ANTIHYPERTENSIVE EFFECT OF 19-ACETYLENIC-DEOXYCORTICOSTERONE IN INBRED SALT-SENSITIVE RATS

Rats susceptible to the hypertensive effect of dietary salt (SS/Jr) have excess 19-nor-deoxycorticosterone (19-nor-DOC) compared with salt-resistant control rats (SR/Jr). 19-Nor-deoxycorticosterone is a hypertensinogenic mineralocorticoid believed to contribute to the salt sensitivity of SS/Jr. 19-Acetylenic-deoxycorticosterone (19-Ac-DOC), an inhibitor of 19-nor-DOC biosynthesis, was evaluated for its antihypertensive effect in 20 hypertensive female SS/Jr rats.

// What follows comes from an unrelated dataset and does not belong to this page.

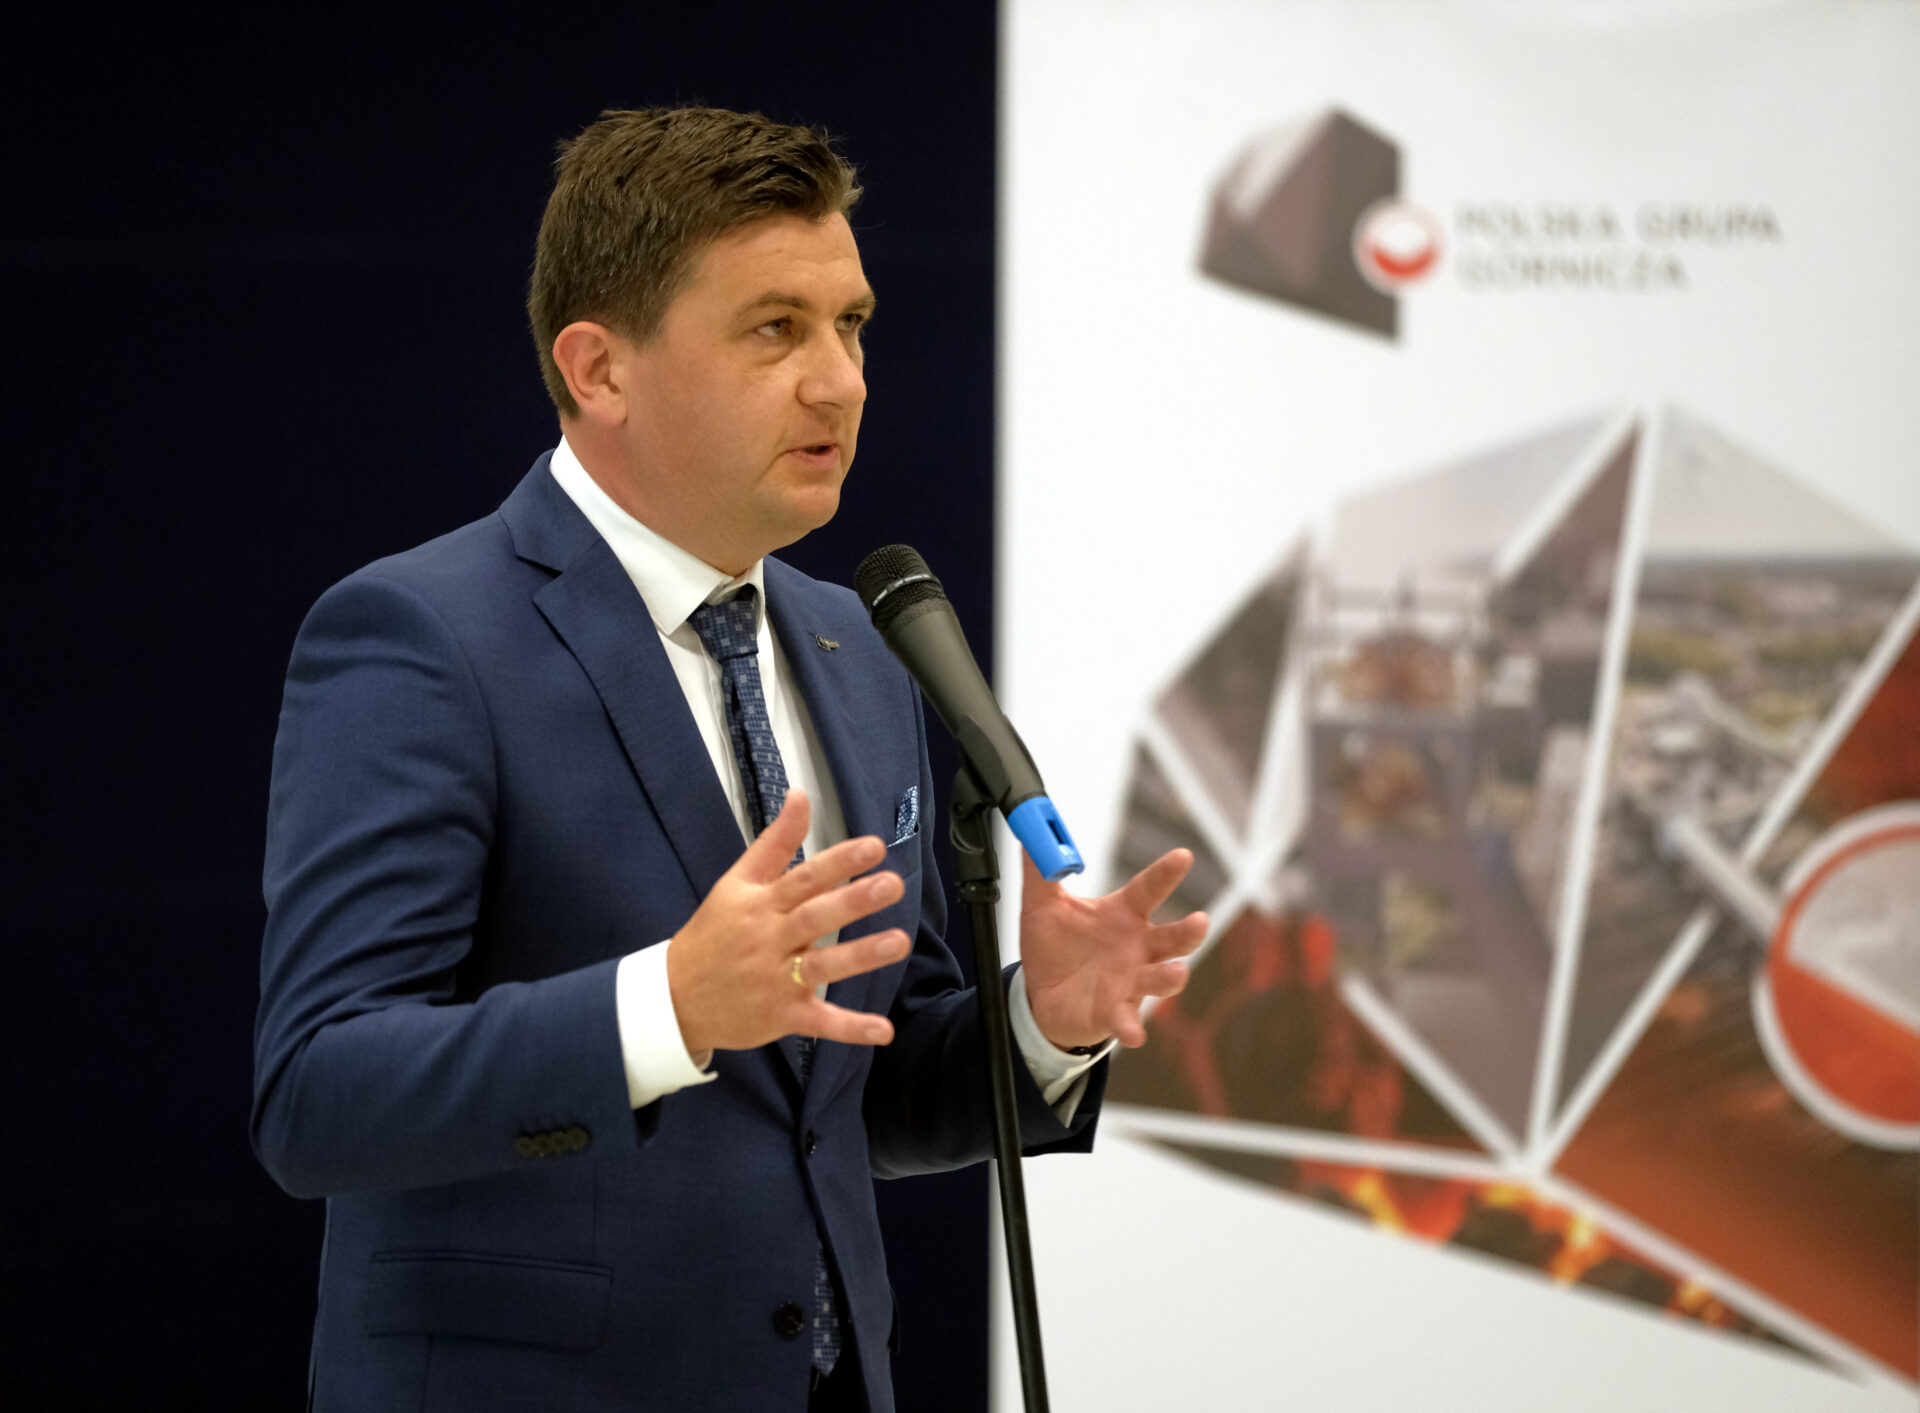 Tomasz Rogala, the President of the Polish Mining Group S.A.
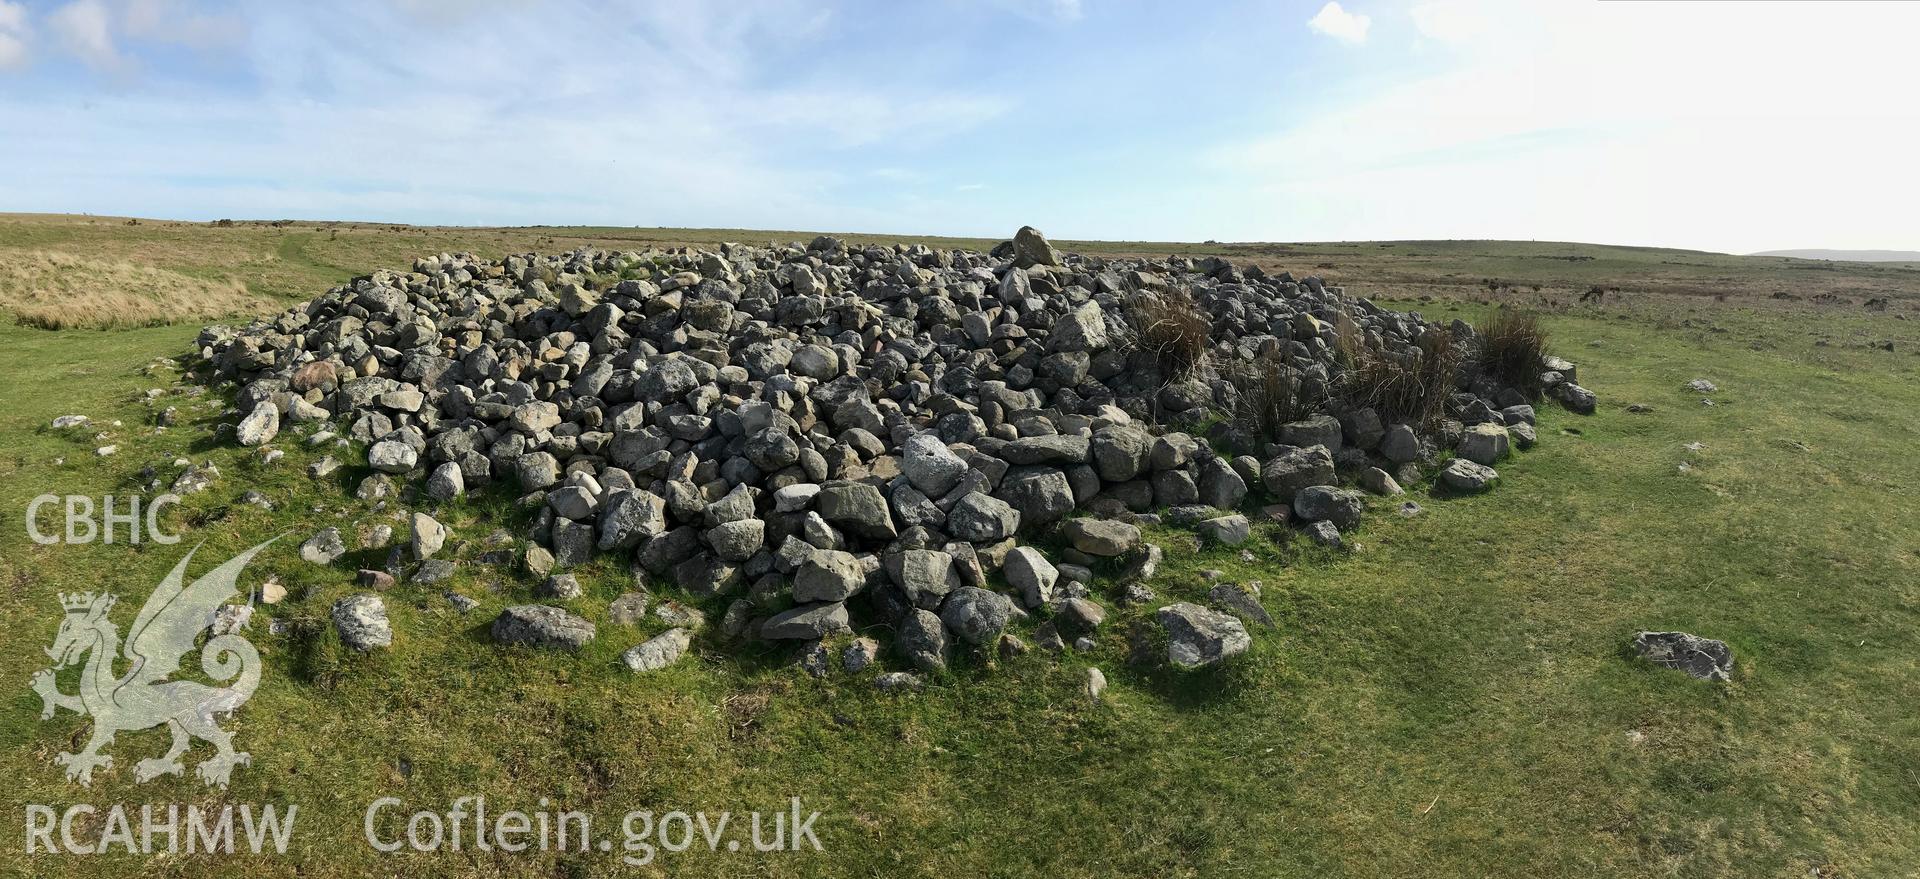 Colour photo showing view of Great Carn, Cefn Bryn, taken by Paul R. Davis, 10th May 2018.

At 60 days of age, the rats were started on a high-salt diet (8% NaCl); then, at 120 days, the 10 surviving rats were divided into two groups. Group 1 included five animals with blood pressure +/- standard error (BP +/- SE) of 208 +/- 2 mm Hg that had 19-Ac-DOC implants (1 mg released over 10 days). Group 2 consisted of five animals with a BP of 204 +/- 2 mm Hg that had placebo implants (vehicle only). At 130 days, when another set of pellets was implanted, four rats were still alive in group 1 (BP 165 +/- 5 mm Hg) and none in group 2. At 140 days, the four surviving rats had a BP of 157 +/- 2 mm Hg. Finally, at 150 days, after 10 days off any 19-Ac-Doc, only two rats remained alive (BP 200 +/- 0 mm Hg). Urinary corticosterone +/- SE, DOC +/- SE, and 19-nor-DOC +/- SE before the first implant were 10 +/- 3, 16 +/- 5, and 42 +/- 14-mu-g/week, respectively, and 7 +/- 2, 13 +/- 5, 23 +/- 13-mu-g/week, respectively, after the second implant. 19-Nor-deoxy-corticosterone, but not DOC and corticosterone, was reduced after the implants (P < .05). This suggests that 19-Ac-DOC lowers BP and improves the survival in hypertensive salt-sensitive rats, possibly through the inhibition of 19-nor-DOC synthesis.